Tun-OCM: A model-driven approach to support database tuning decision making

https://doi.org/10.1016/j.dss.2021.113538Get rights and content

Highlights

  • The development of a DSS depends on issues that affect DB performance, which is addressed by DB tuning decisions.

  • DB tuning is essentially a configuration management (CM) task and a given configuration decision may impact others.

  • The Tun-Ocm model provides formal and platform-independent knowledge that fosters interoperability among different DBMS.

  • Tun-Ocm increases auditability and enables predictive analysis of the impact of tuning actions on existing structures.
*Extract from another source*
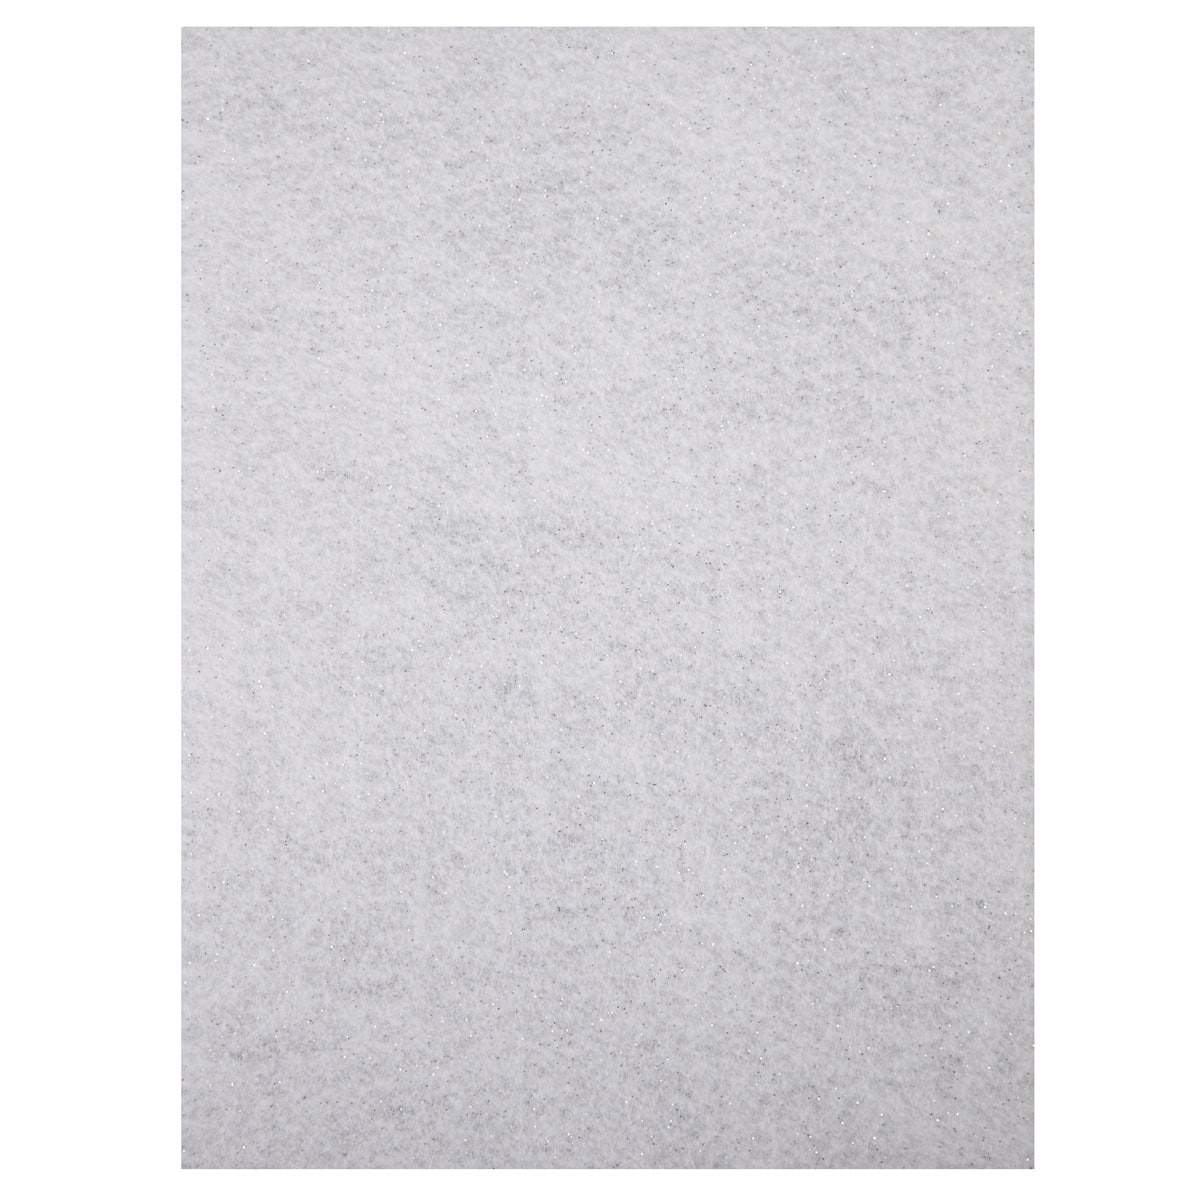  Glitter Wool Craft Felt - 9.5” x 12” Sheet - Purple
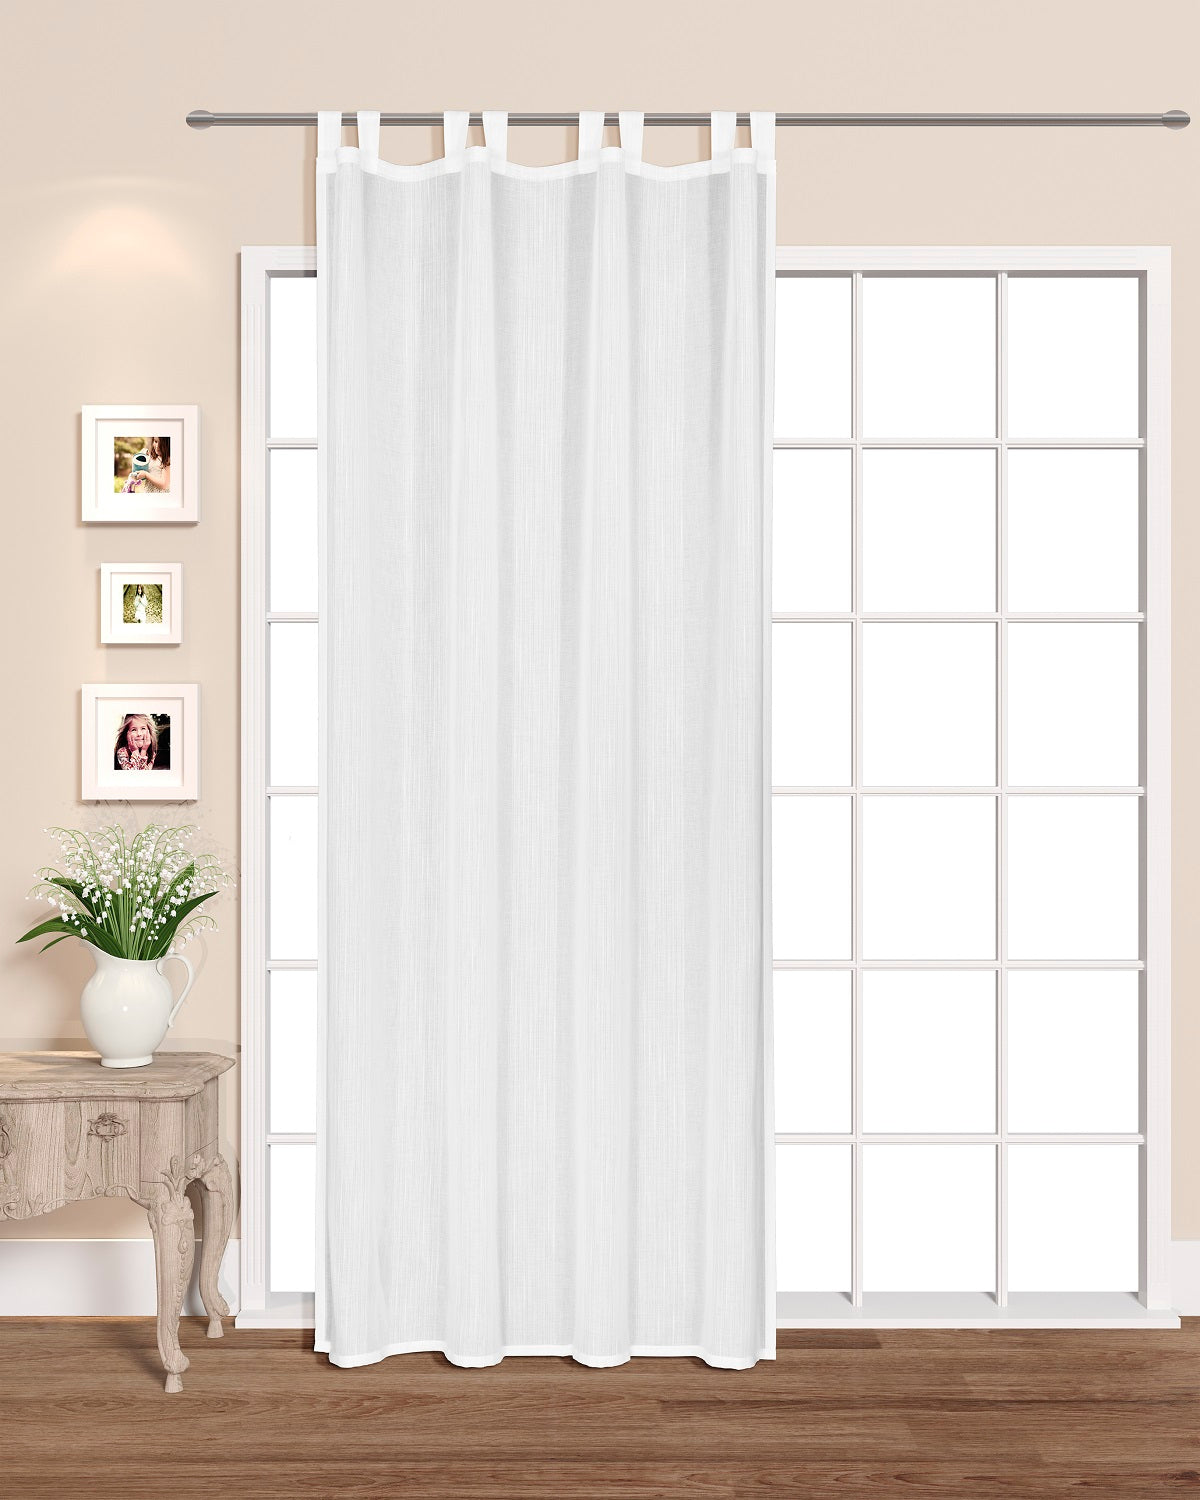 Day curtain white Kati

  • An ontology pattern language for CM can be applied to any DSS domain where part of the purpose is a configuration problem.

Abstract

Database tuning is a task executed by Database Administrators (DBAs) based on their practical experience and on tuning systems, which support DBA actions towards improving the performance of a database system. It is notoriously a complex task that requires precise domain knowledge about possible database configurations. Ideally, a DBA should keep track of several Database Management Systems (DBMS) parameters, configure data structures, and must be aware about possible interferences among several database (DB) configurations. We claim that an automatic tuning system is a decision support system and DB tuning may also be seen as a configuration management task. Therefore, we may characterize it by means of a formal domain conceptualization, benefiting from existing control practices and computational support in the configuration management domain. This work presents Tun-OCM, a conceptual model represented as a well-founded ontology, that encompasses a novel characterization of the database tuning domain as a configuration management conceptualization to support decision making. We develop and represent Tun-OCM using the CM-OPL methodology and its underlying language. The benefits of Tun-OCM are discussed by instantiating it in a real scenario.

Introduction

Database tuning is a continuous process whose goal is to increase the performance of applications accessing a database. It is typically executed by a team of Database Administrators (DBAs). They are responsible for adjusting and experimenting with several combinations of parameters that impact the physical characteristics (e.g., buffer size) of a computational environment or even the amount of data transferred between disk and memory for each disk access or the number of checkpoint segments. They also perform several related tasks, such as deciding where data should be physically allocated across distributed platforms, creating and maintaining secondary data access structures. In addition, DBAs typically deal with a lack of standards at the physical database level due to the existence of a highly heterogeneous and competitive industry. There are specificities at each Database Management System (DBMS) implementation that impact on the physical design of the database and on the choice of adequate access structures to improve the performance of the information systems connected to a DBMS. Additionally, the DBA decision needs to be disseminated to the entire team, as each decision may impact the computational environment and, consequently, future decisions.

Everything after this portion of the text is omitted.